While you may have noticed from some discussions on the forum that my personal preference tends to run towards the “Natural Look” penetrating sealers, they are by no means the only answer. That just happens to be what works best for me on most of the work I do. What’s best for you and your work depends entirely on how you choose to balance your needs and expectations against the different product options and considerations above. As you have hopefully determined by now, some choices are purely creative while others are technical in nature. Balance the right considerations and you will find a concrete sealer that will do just what you want it to.
Footnotes regarding environmental & "Pet-Safe" issues related to the use of concrete sealers:
While researching material for the sealer technical bulletin, I came to the following conclusions:
1. There are environmental considerations, but since they are very much product/brand specific in nature, the only viable approach for anyone considering their use is to read & heed each manufacturers instructions.

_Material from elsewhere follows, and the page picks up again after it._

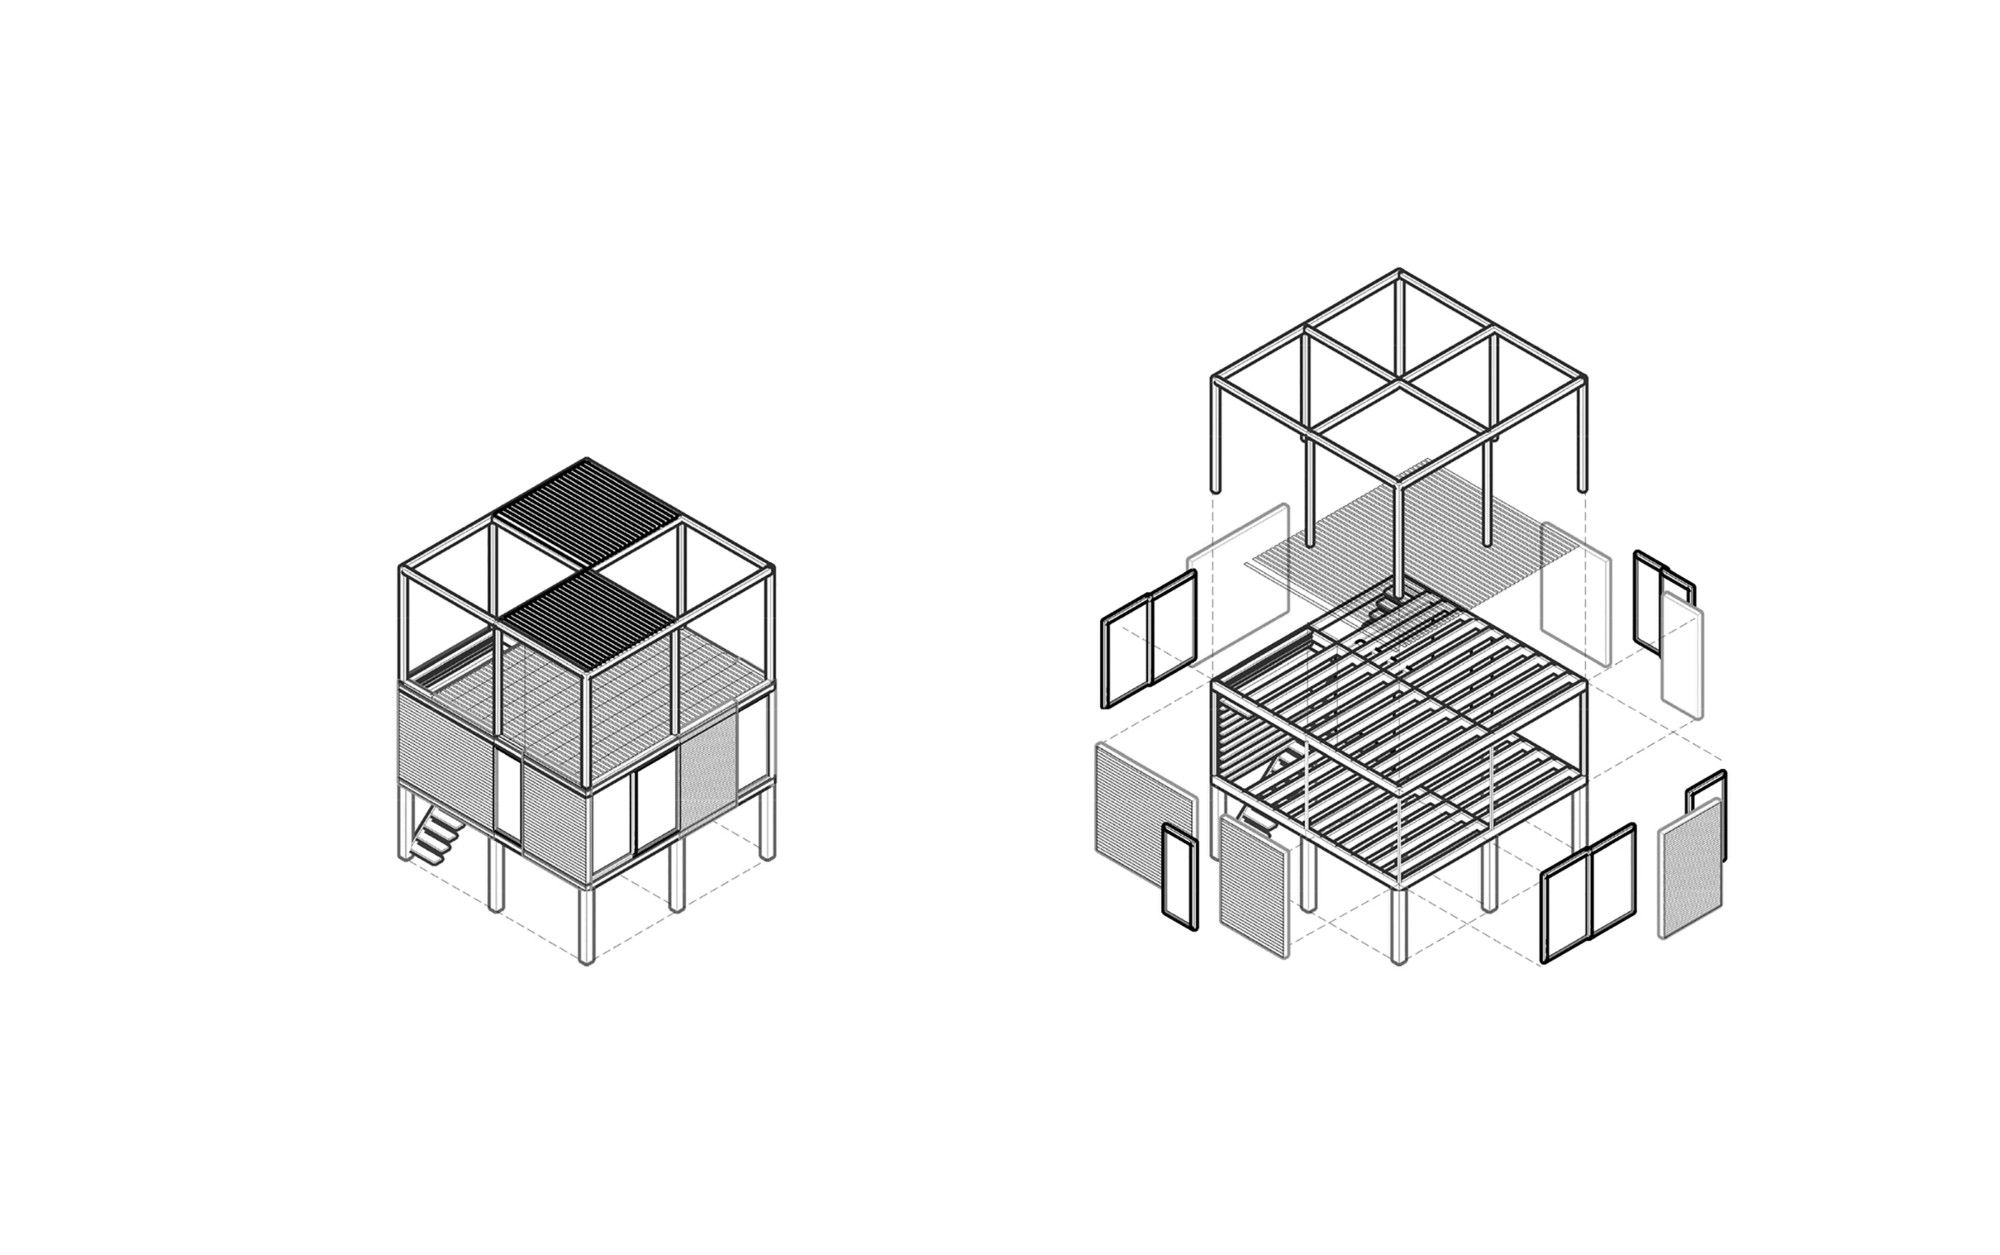 Galería - Cabaña Delta / AToT-Arquitectos todo Terreno - 26

2. The only precautions I was able to note during this research were limited to the material in its liquid and uncured state. These generally involved issues related to breathing the vapors, ingesting the liquid and proper disposal of the containers.
3. To date I have found no information available that indicates there is any degree of toxicity associated with the fully cured materials, whether water or solvent-based.*
*That's not to say that either or both are proven to be 100% safe once cured. It only indicates that there appears to be no data to support anything to the contrary.
Personal Note: Many of these products have been used for years to seal and waterproof pond liners and swimming pool additions such as waterfall and slides, so if there were any major concerns, one would think they'd have been discovered and discussed by now. However, if anyone is aware of any additional data available regarding these issues, please contact Admin at this website so that we might incorporate the latest findings on the subject for the benefit of our members & readers.
Purchasing Note: Many specialty concrete suppliers sell smaller “sample” containers of most leading brand sealer products. The best bet is to do a little experimenting to see exactly what to expect from any given brand.